Postby Condottiere » Fri Sep 28, 2018 11:51 pm

World War II bombings weakened upper atmosphere at edge of space


The Earth's electrified upper atmosphere (the ionosphere) experiences a lot of natural variation, changing with the days and from season to season. The ionosphere can also be affected by certain big events, including solar flares, volcanic eruptions, lightning—and the massive bombs dropped on Germany during World War II. Those bombings produced shockwaves strong enough to weaken the ionosphere right near the edge of space.

That's the conclusion of a new study by University of Reading researchers, just published in the journal Annales Geophysicae. More than a historic curiosity, the finding matters because ionospheric disturbances can disrupt key communications technology, including GPS systems, radio telescopes, and radio communications...

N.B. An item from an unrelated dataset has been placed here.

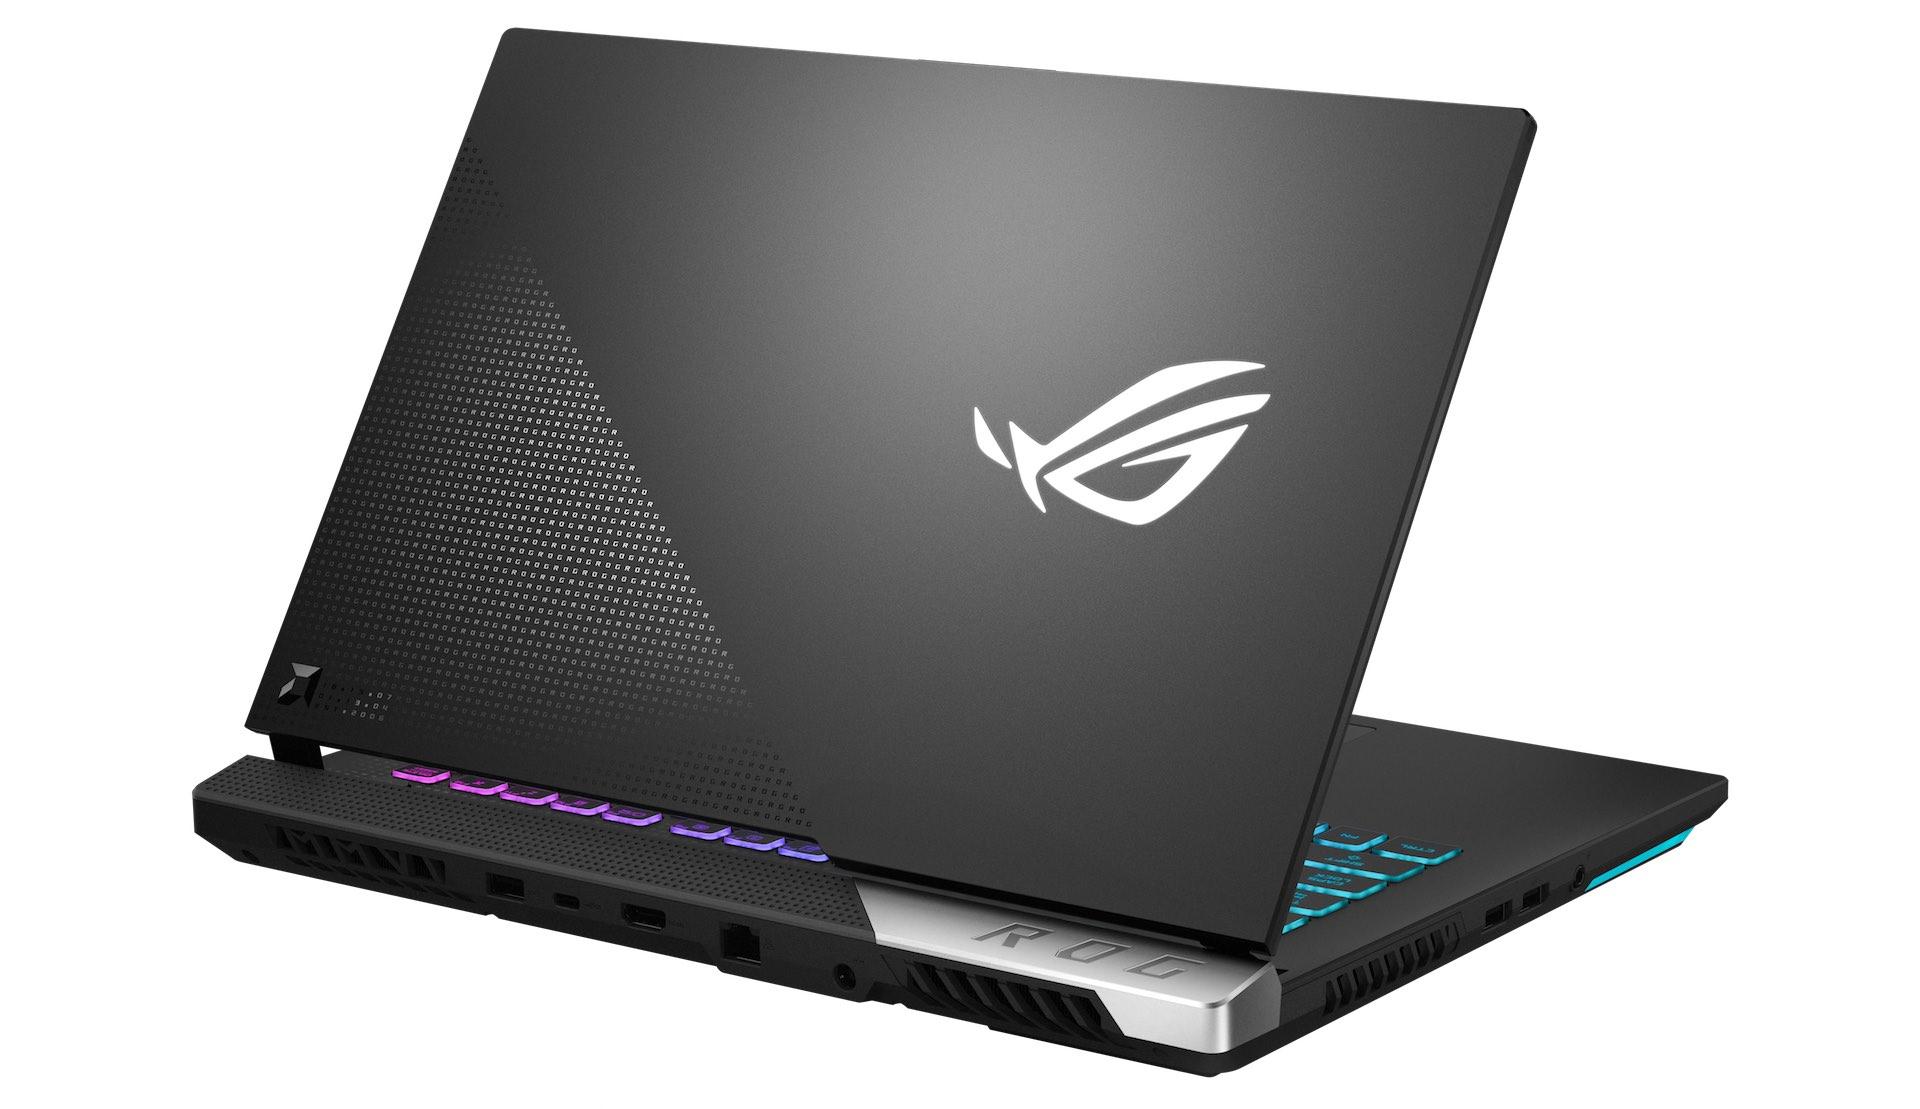 ASUS ROG Strix G15 AMD Advantage
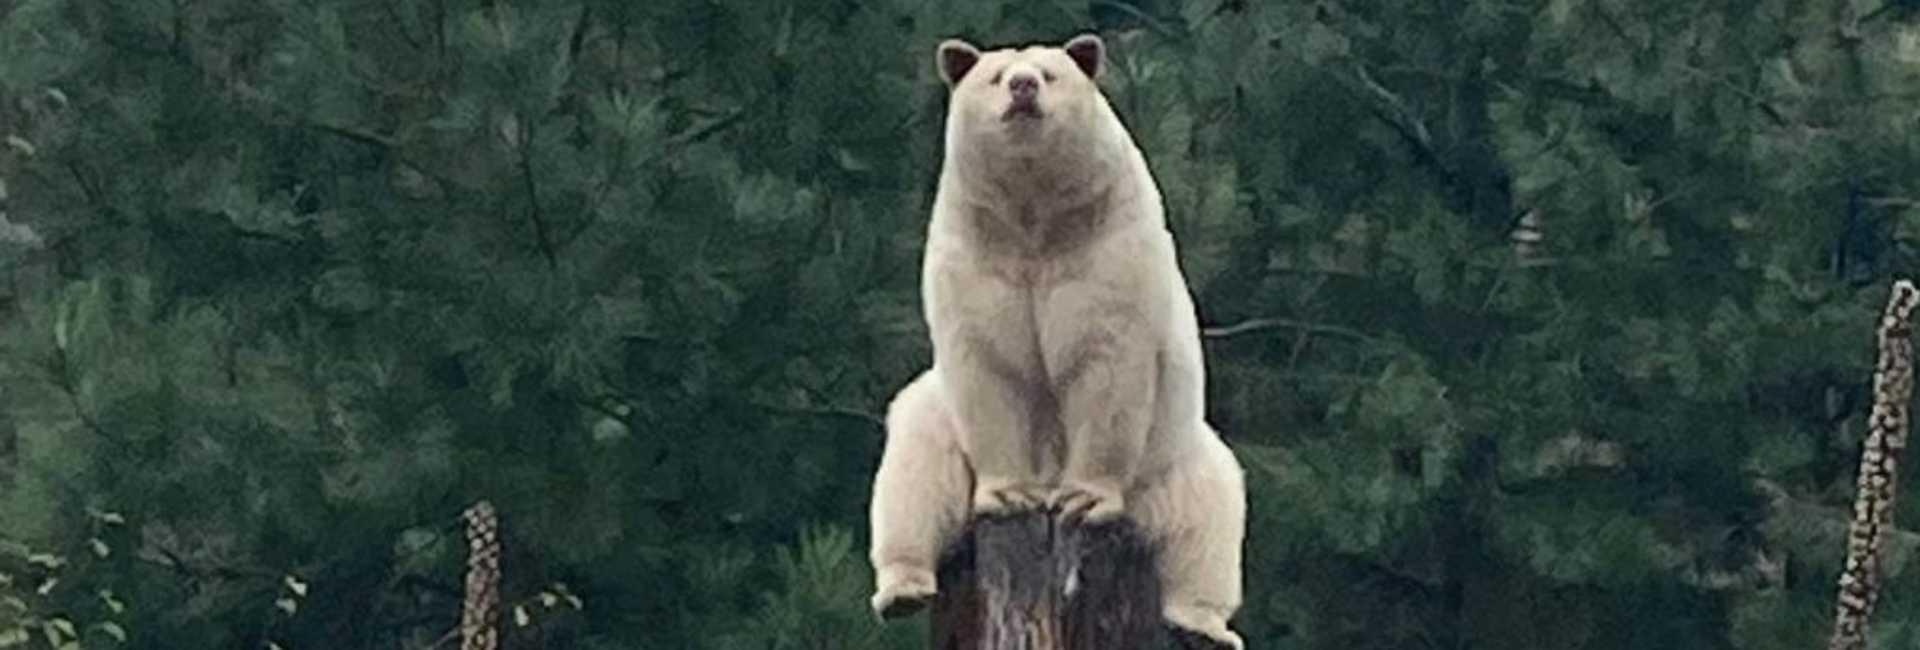 a spirit bear sitting on top of a stump

“Aircrew involved in the raids reported having their aircraft damaged by the bomb shockwaves, despite being above the recommended height," says co-author and historian Patrick Major. "Residents under the bombs would routinely recall being thrown through the air by the pressure waves of air mines exploding, and window casements and doors would be blown off their hinges. There were even rumours that wrapping wet towels around the face might save those in shelters from having their lungs collapsed by blast waves, which would leave victims otherwise externally untouched.”

The effects also apparently spread throughout the atmosphere. The ionosphere is composed of three different ionized regions within the Earth's various atmospheric layers (the upper mesosphere and the lower and upper thermosphere, specifically). This means they have a significantly higher density of electrically charged atoms and molecules than the surrounding regions. This happens because the Sun's high-energy X-rays and ultraviolet rays collide with atoms and molecules in the atmosphere with sufficient energy to knock off electrons, thereby creating ions (atoms and molecules with missing electrons) and free electrons.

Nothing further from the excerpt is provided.